··· MATERIAL PROVIDED ···

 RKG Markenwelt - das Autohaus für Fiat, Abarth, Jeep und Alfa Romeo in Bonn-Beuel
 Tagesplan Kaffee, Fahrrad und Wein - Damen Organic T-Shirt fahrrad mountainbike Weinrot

···
··· MATERIAL PROVIDED ···

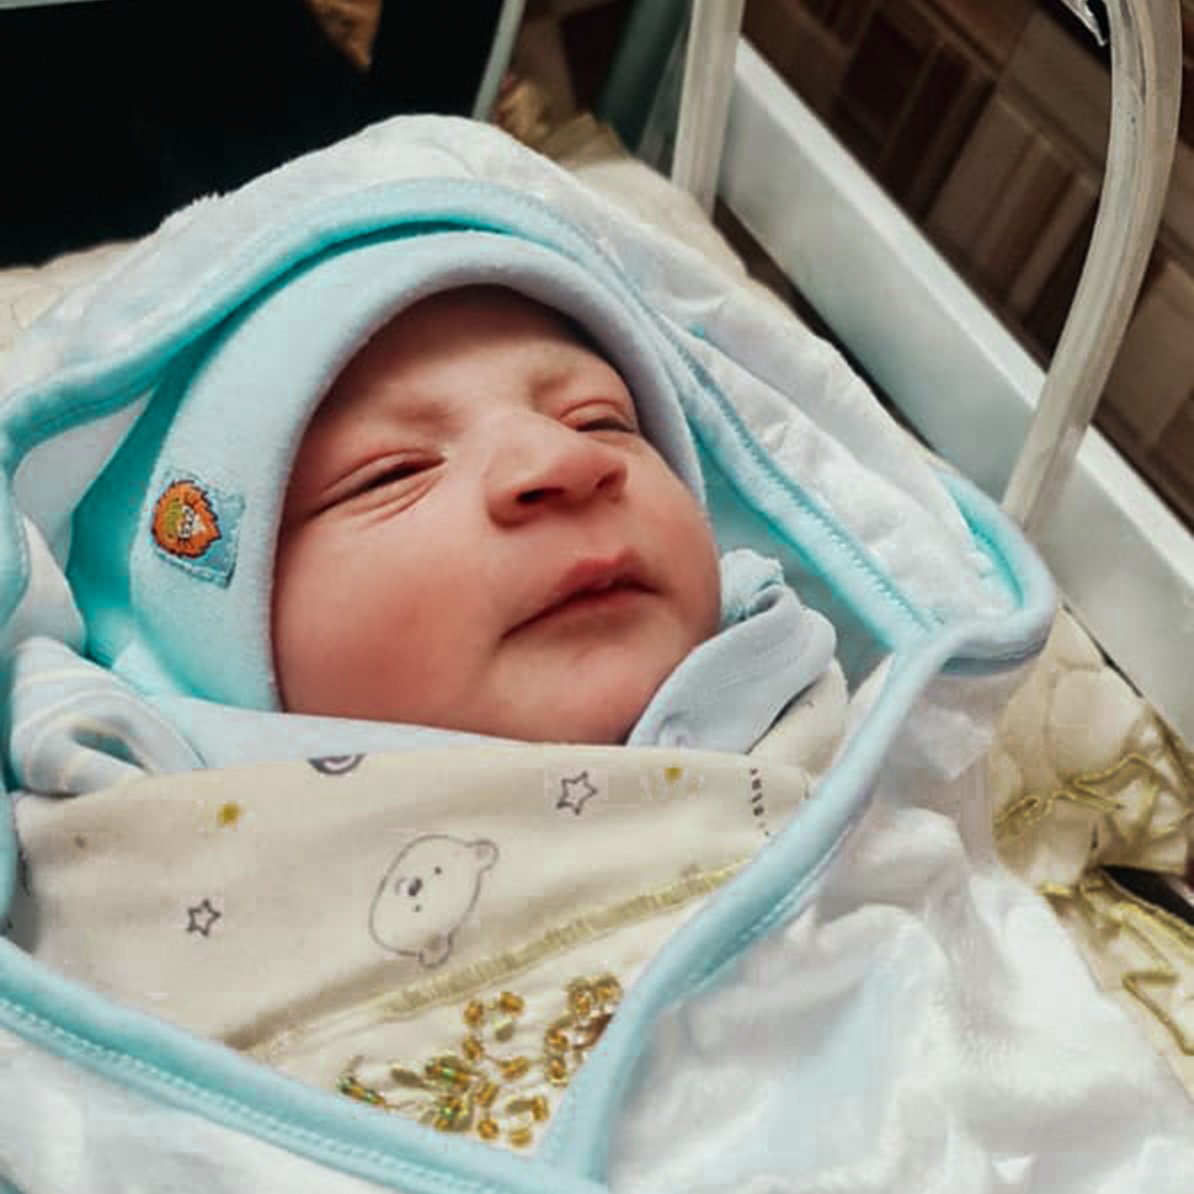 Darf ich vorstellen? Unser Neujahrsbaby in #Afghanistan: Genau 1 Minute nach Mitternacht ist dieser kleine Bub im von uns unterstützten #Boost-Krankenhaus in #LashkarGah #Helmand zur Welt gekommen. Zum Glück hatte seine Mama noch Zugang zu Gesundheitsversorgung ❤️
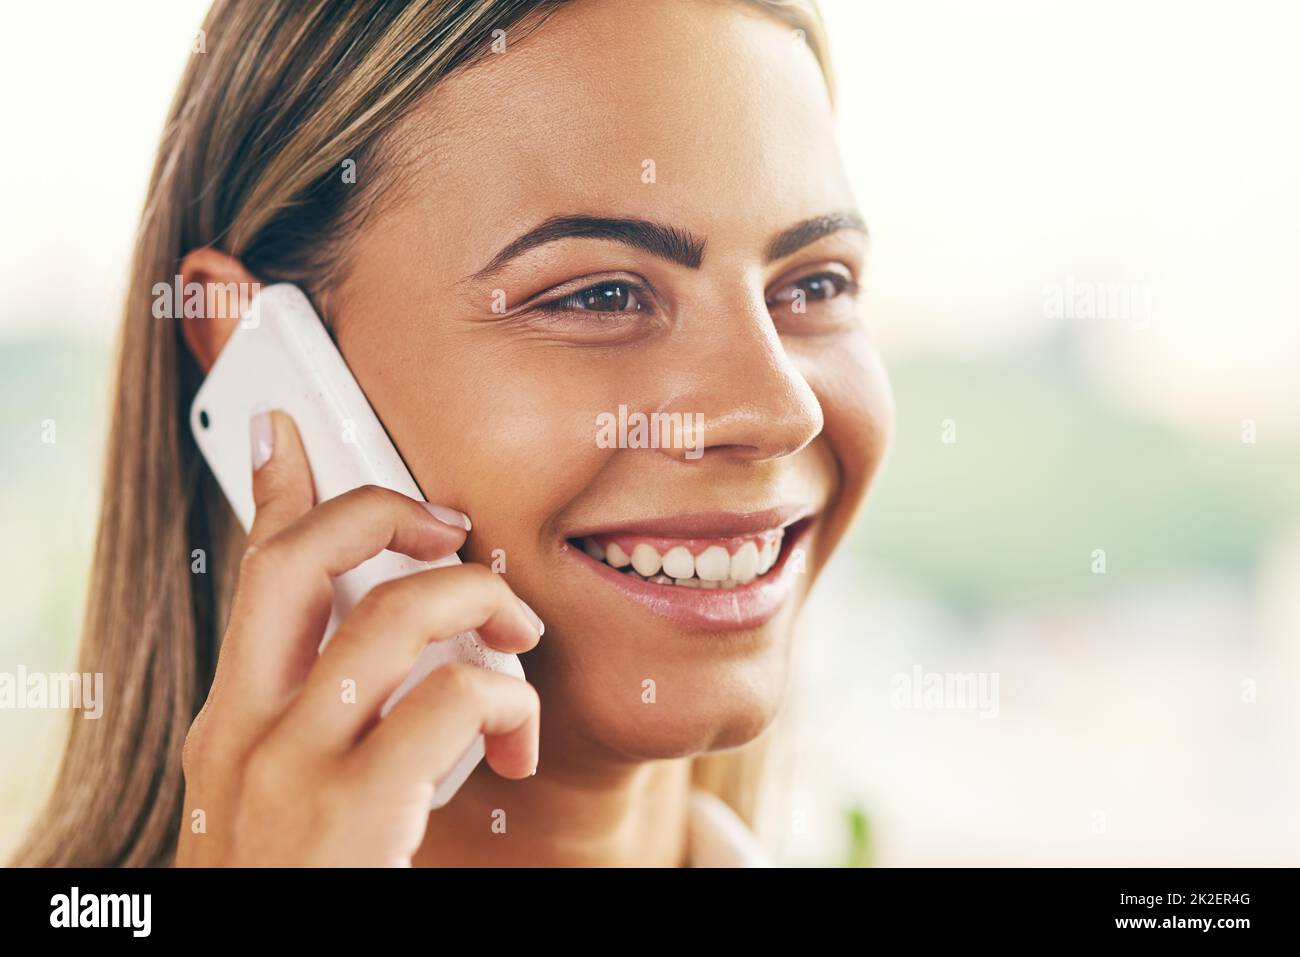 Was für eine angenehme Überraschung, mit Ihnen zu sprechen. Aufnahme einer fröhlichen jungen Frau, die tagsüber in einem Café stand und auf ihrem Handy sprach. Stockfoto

···
··· MATERIAL PROVIDED ···

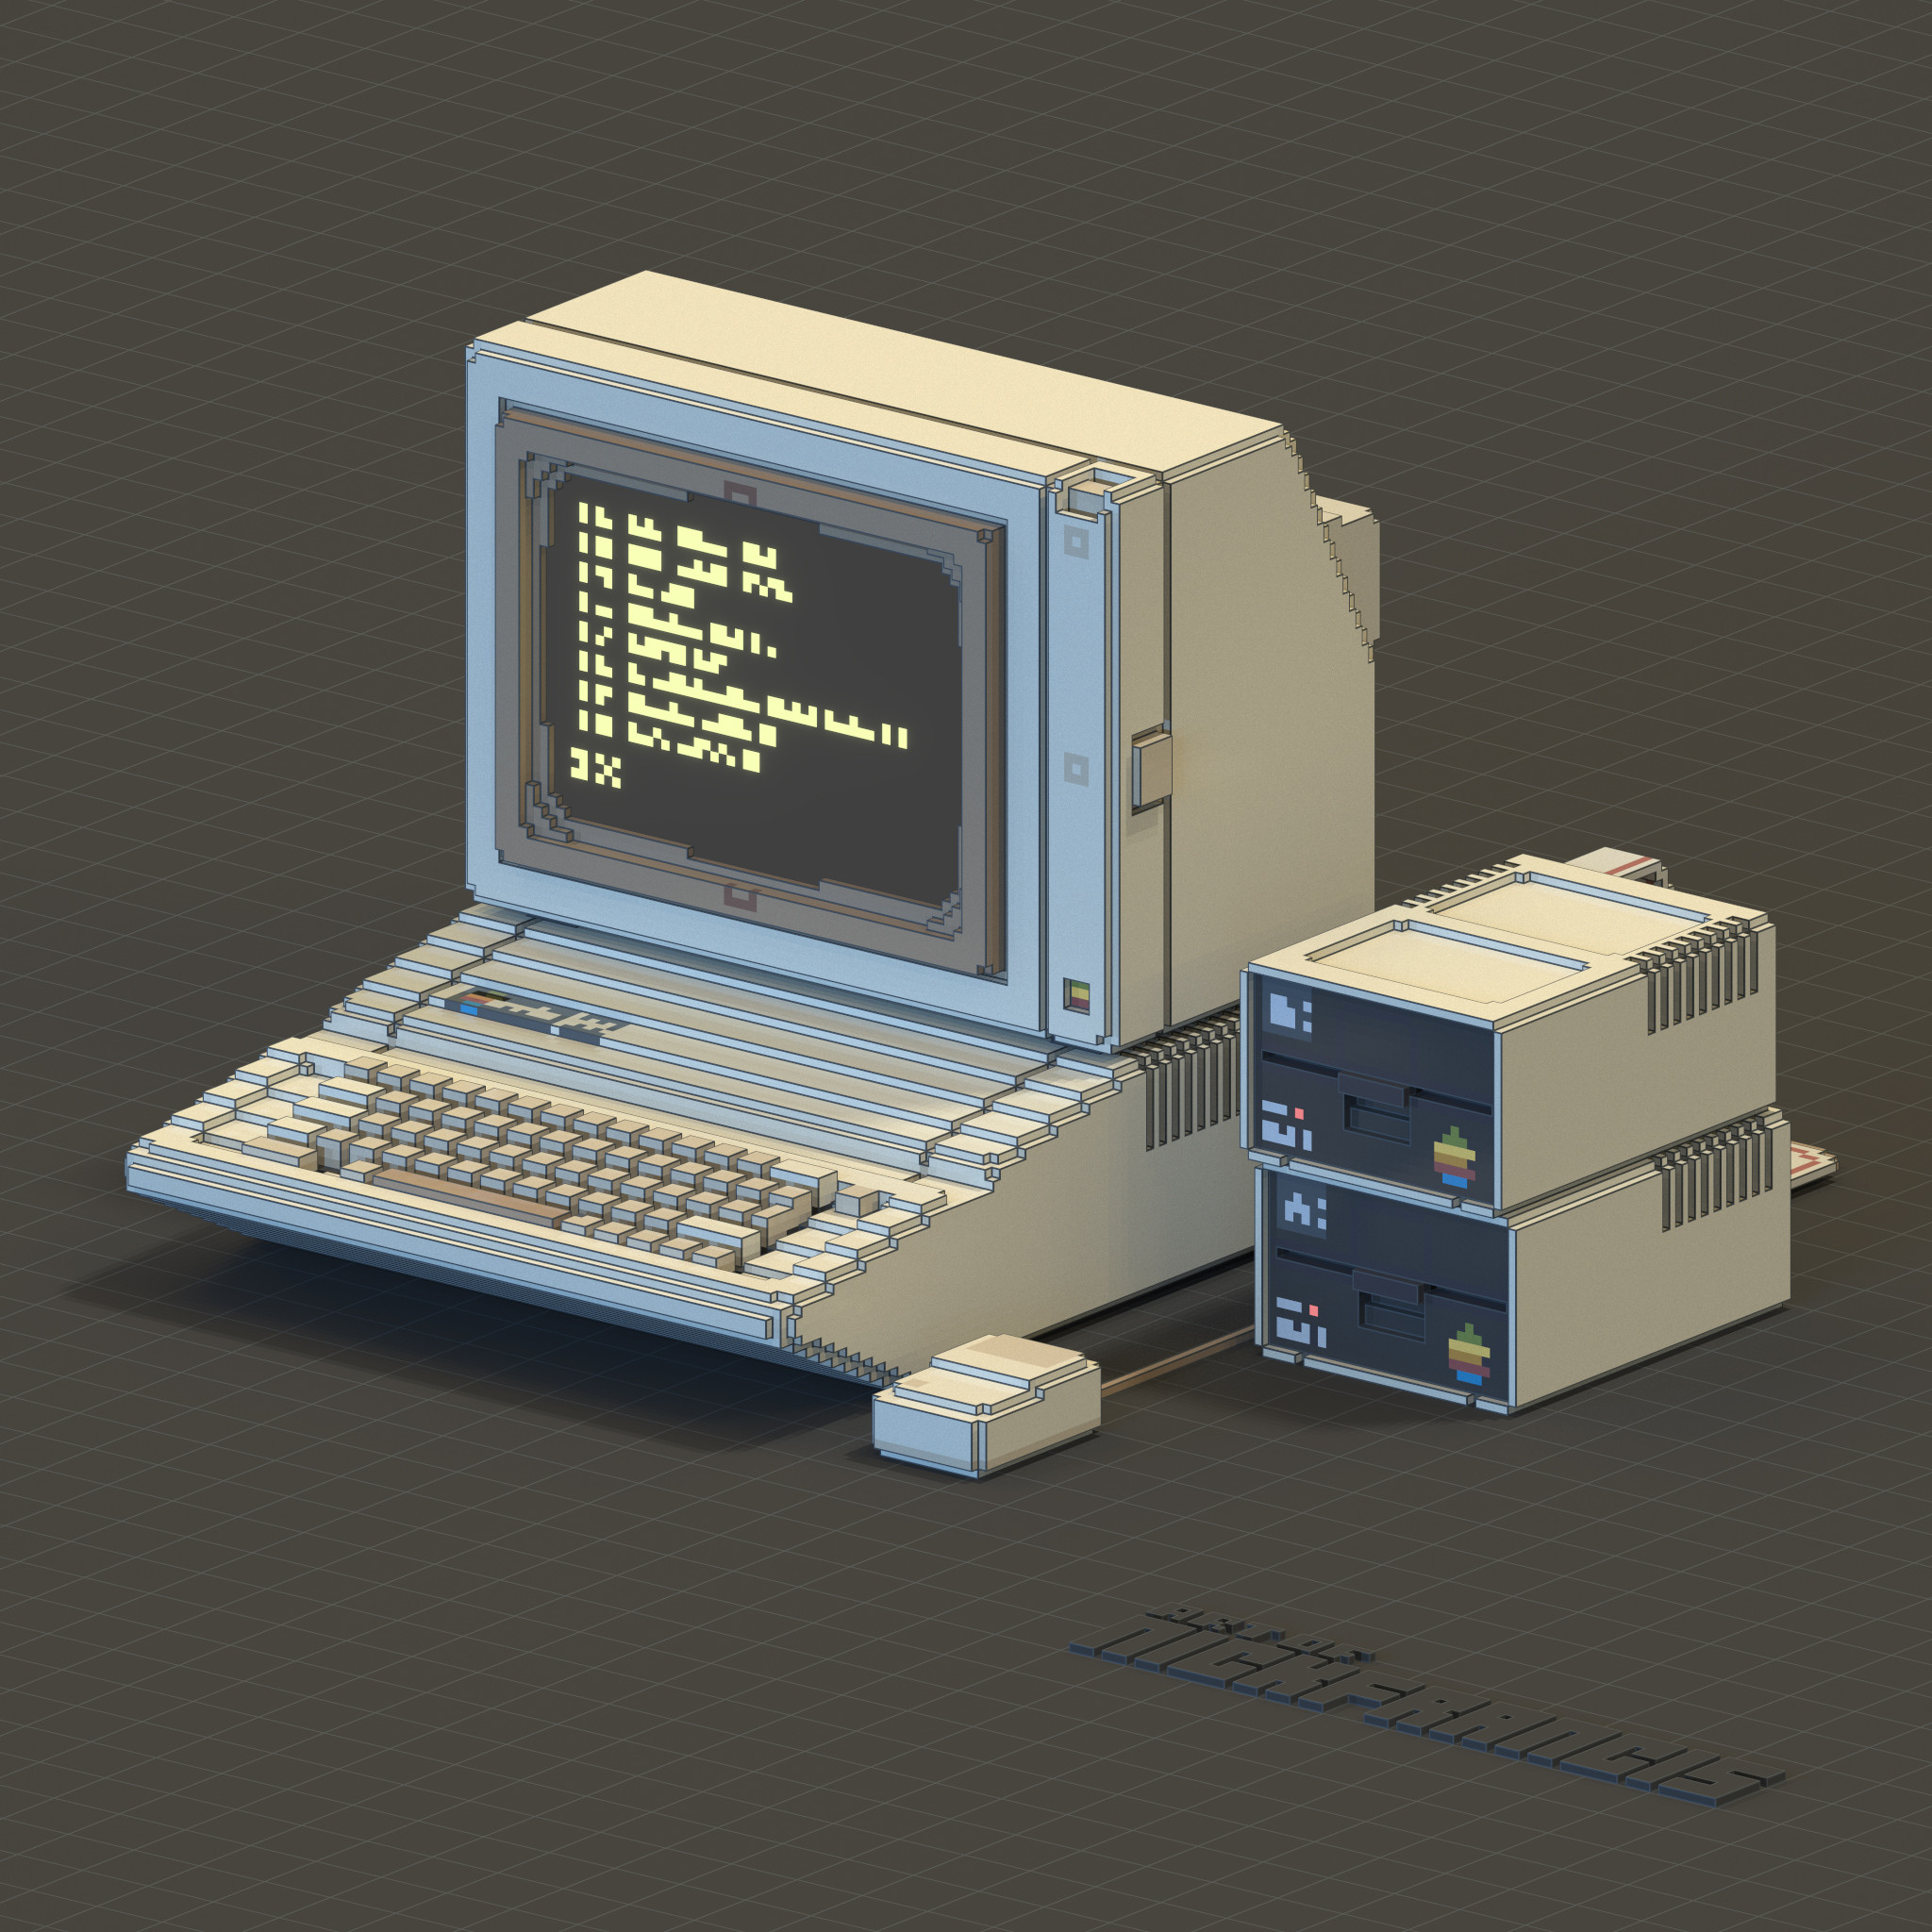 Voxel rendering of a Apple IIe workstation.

···

## TASK ITEM
Look back at the entries above. Retype the line with "RKG Markenwelt - das", the line with "Tagesplan Kaffee, Fahrrad", and all lines in between.

## EXERCISE RESPONSE
 RKG Markenwelt - das Autohaus für Fiat, Abarth, Jeep und Alfa Romeo in Bonn-Beuel
 Tagesplan Kaffee, Fahrrad und Wein - Damen Organic T-Shirt fahrrad mountainbike Weinrot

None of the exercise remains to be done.